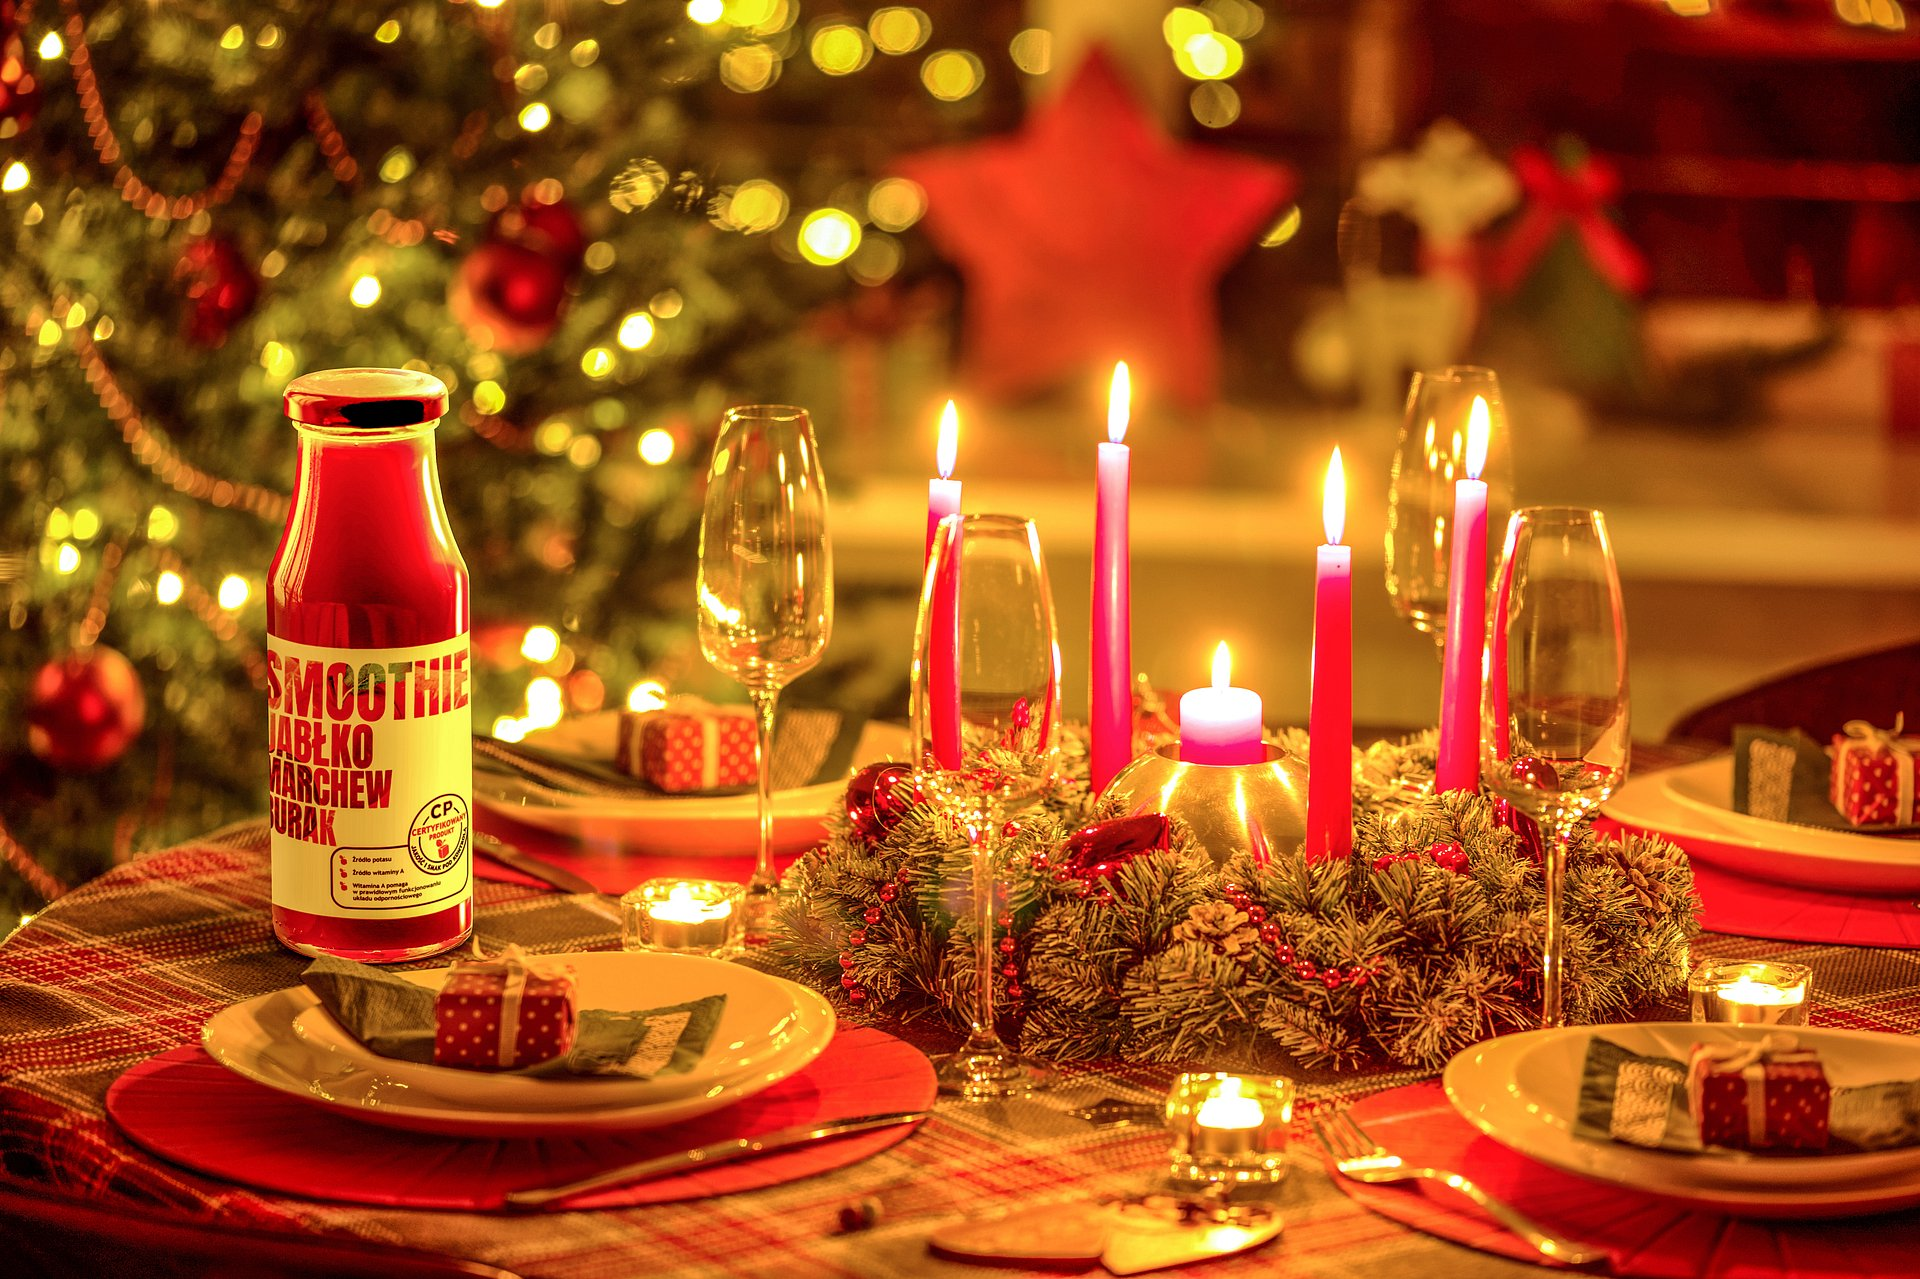 Kurs zdrowego żywienia na święta – jakość na świątecznych listach zakupów
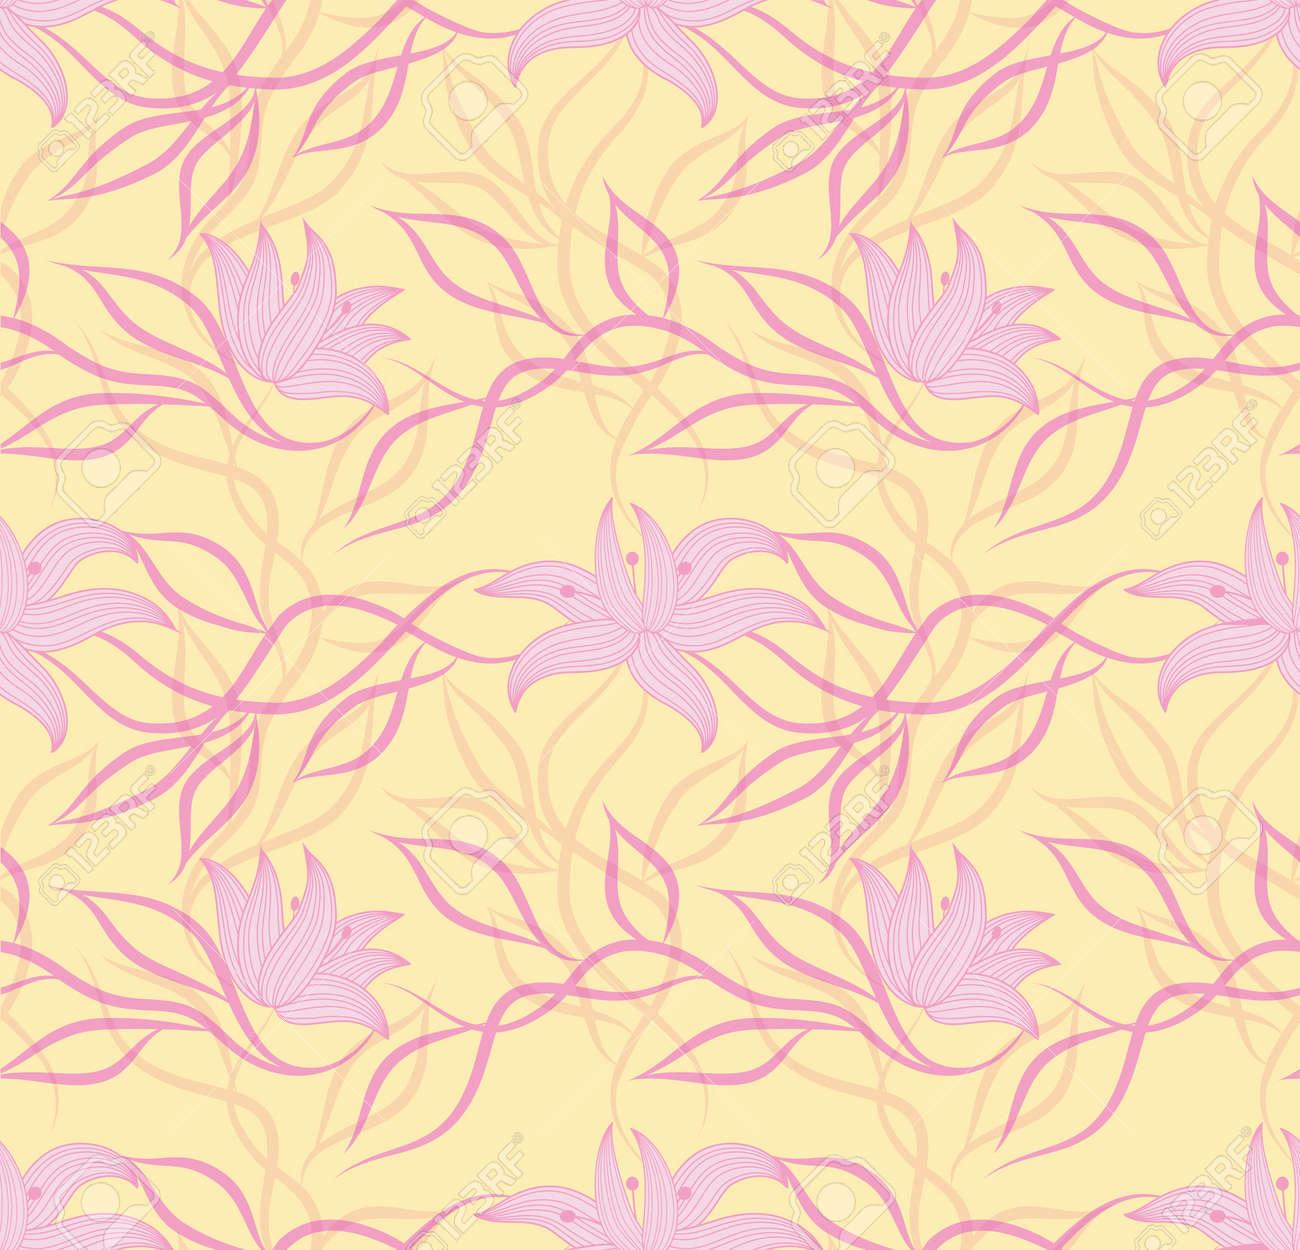 Art vector flower pattern seamless pattern fabric texture royalty art vector flower pattern seamless pattern fabric texture floral vintage design pretty cute wallpaper romantic cartoon mightylinksfo
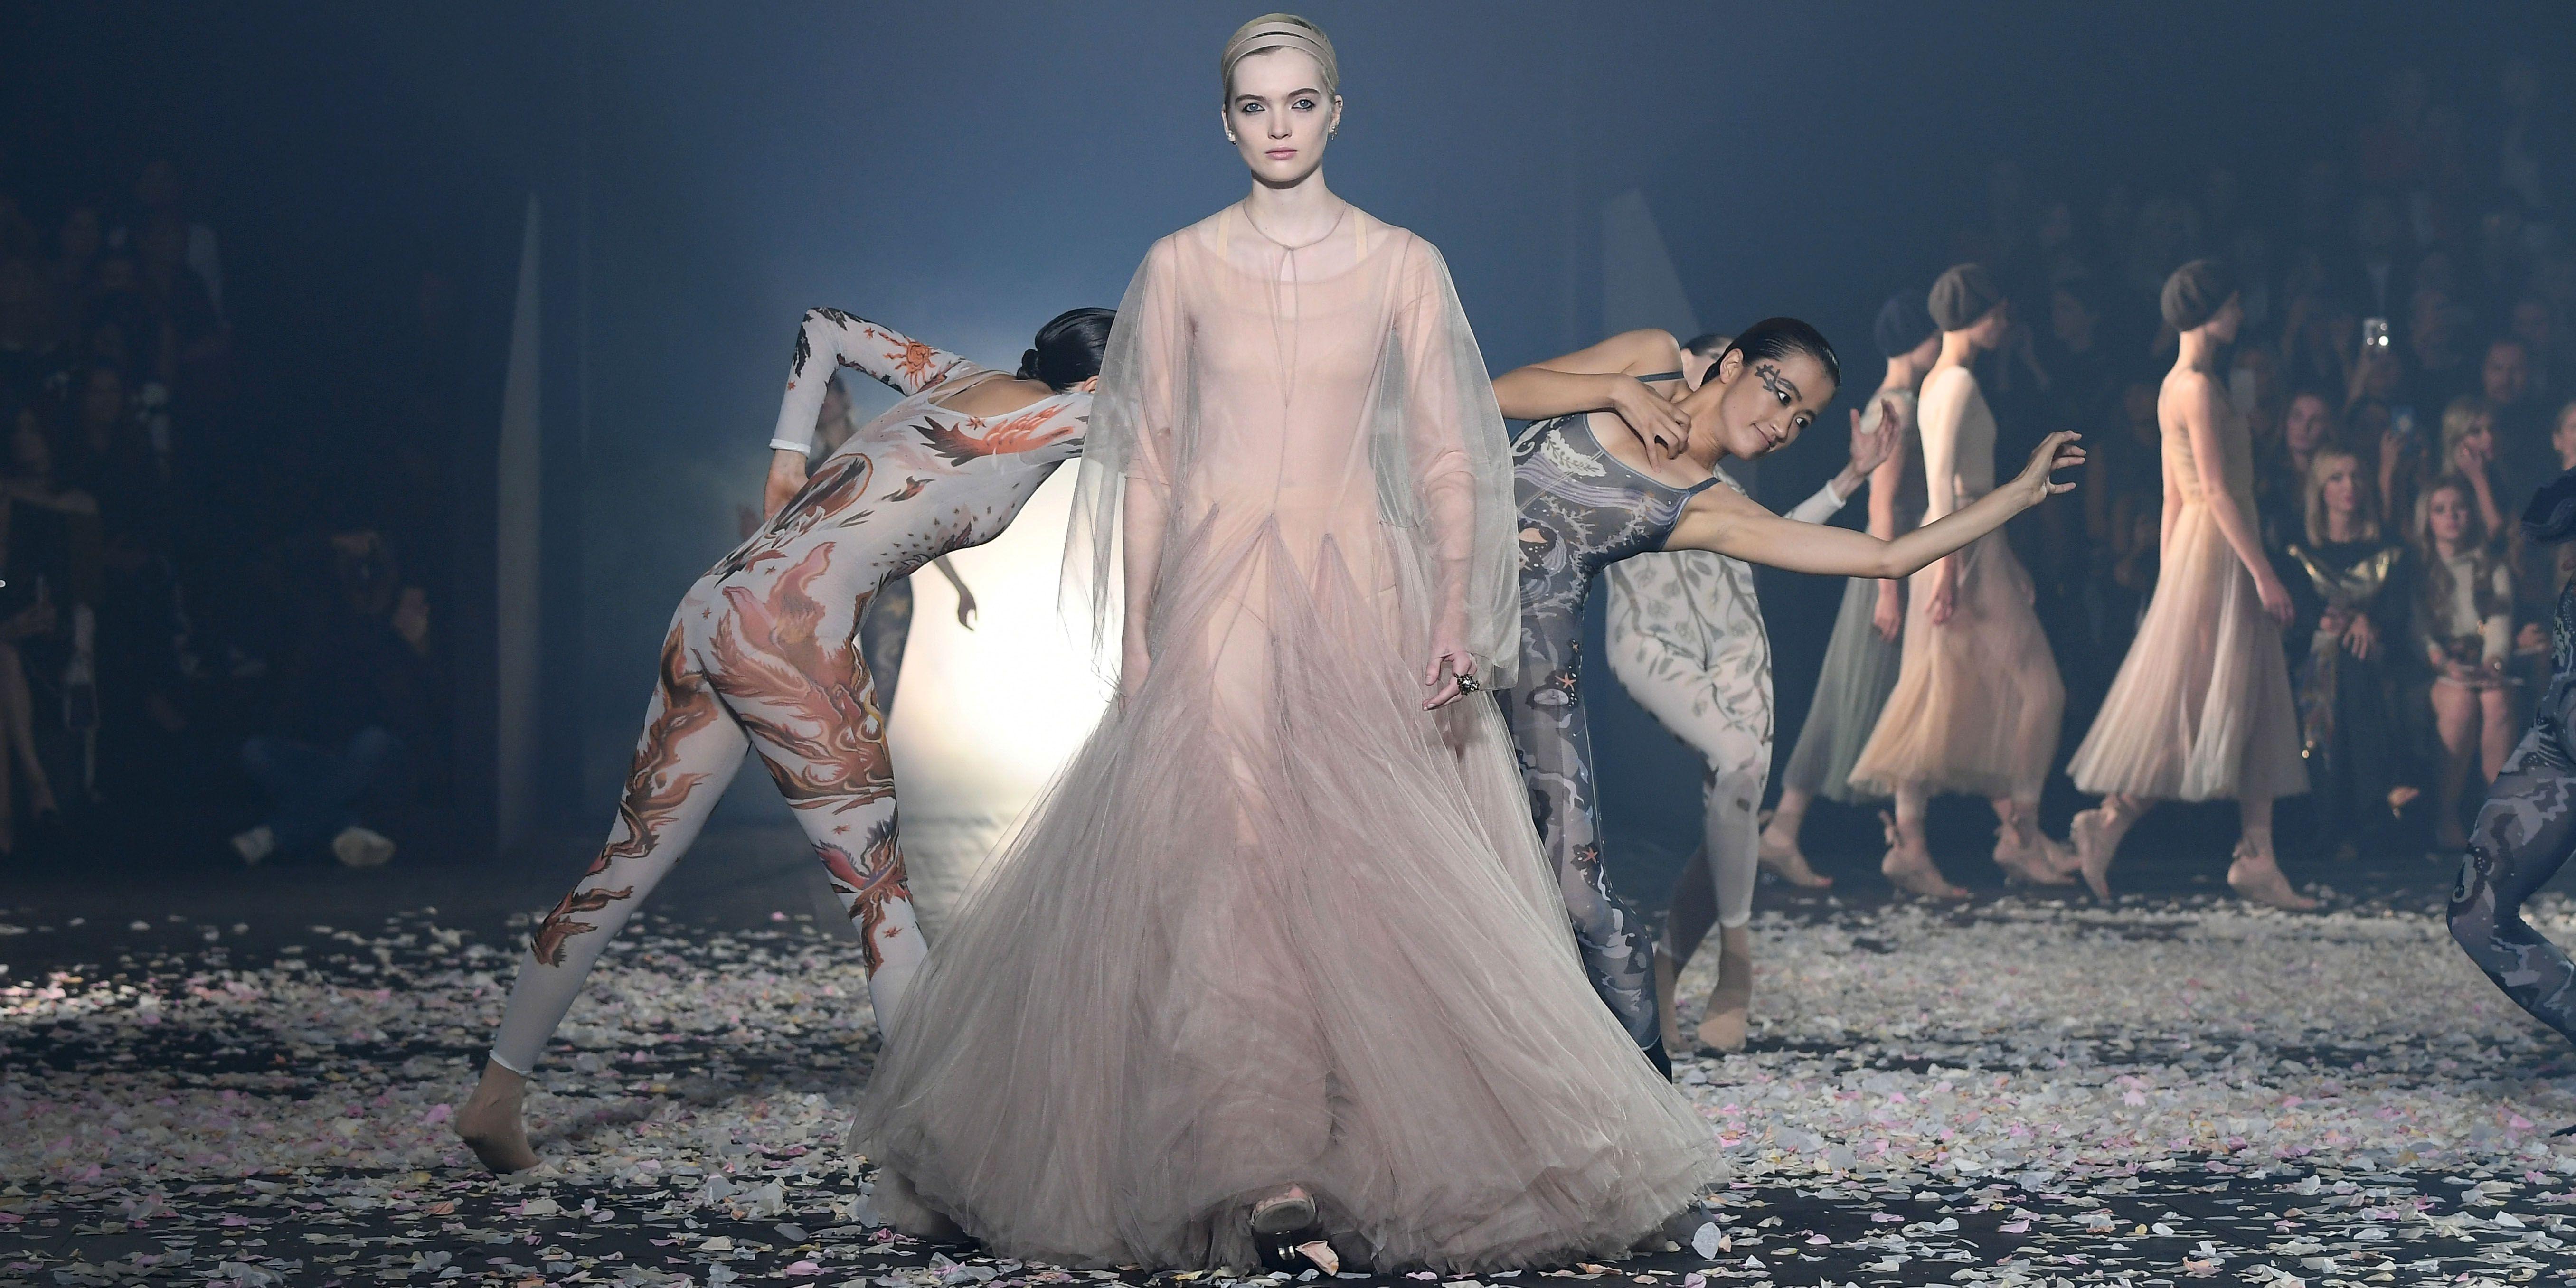 Sự gợi cảm của người mẫu nữ trên sàn diễn thời trang 6
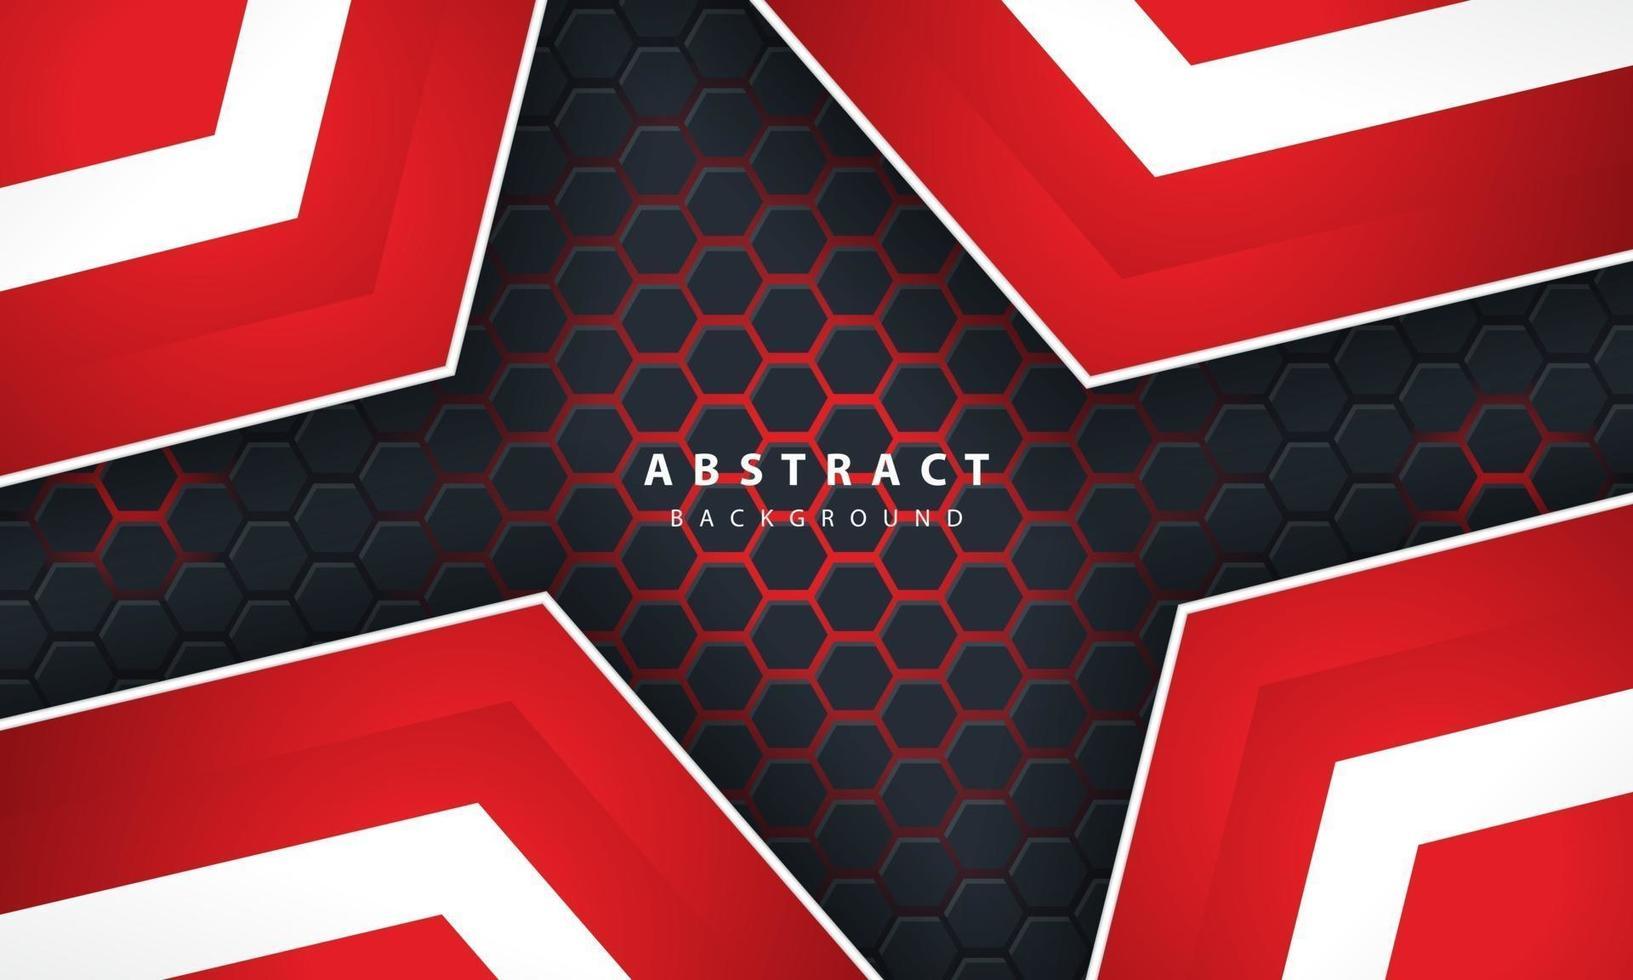 Sechseckiger Hintergrund des abstrakten roten Lichts 3d mit roten und weißen Rahmenformen. vektor
----------
▶ _WORK ITEM_
Everything from the line with "Sự gợi cảm của" through the end of the listing above, both ends included, should be set down exactly; copy nothing else, and skip the pictures.

▶ _SOLUTION BELOW_
 Sự gợi cảm của người mẫu nữ trên sàn diễn thời trang 6
 Sechseckiger Hintergrund des abstrakten roten Lichts 3d mit roten und weißen Rahmenformen. vektor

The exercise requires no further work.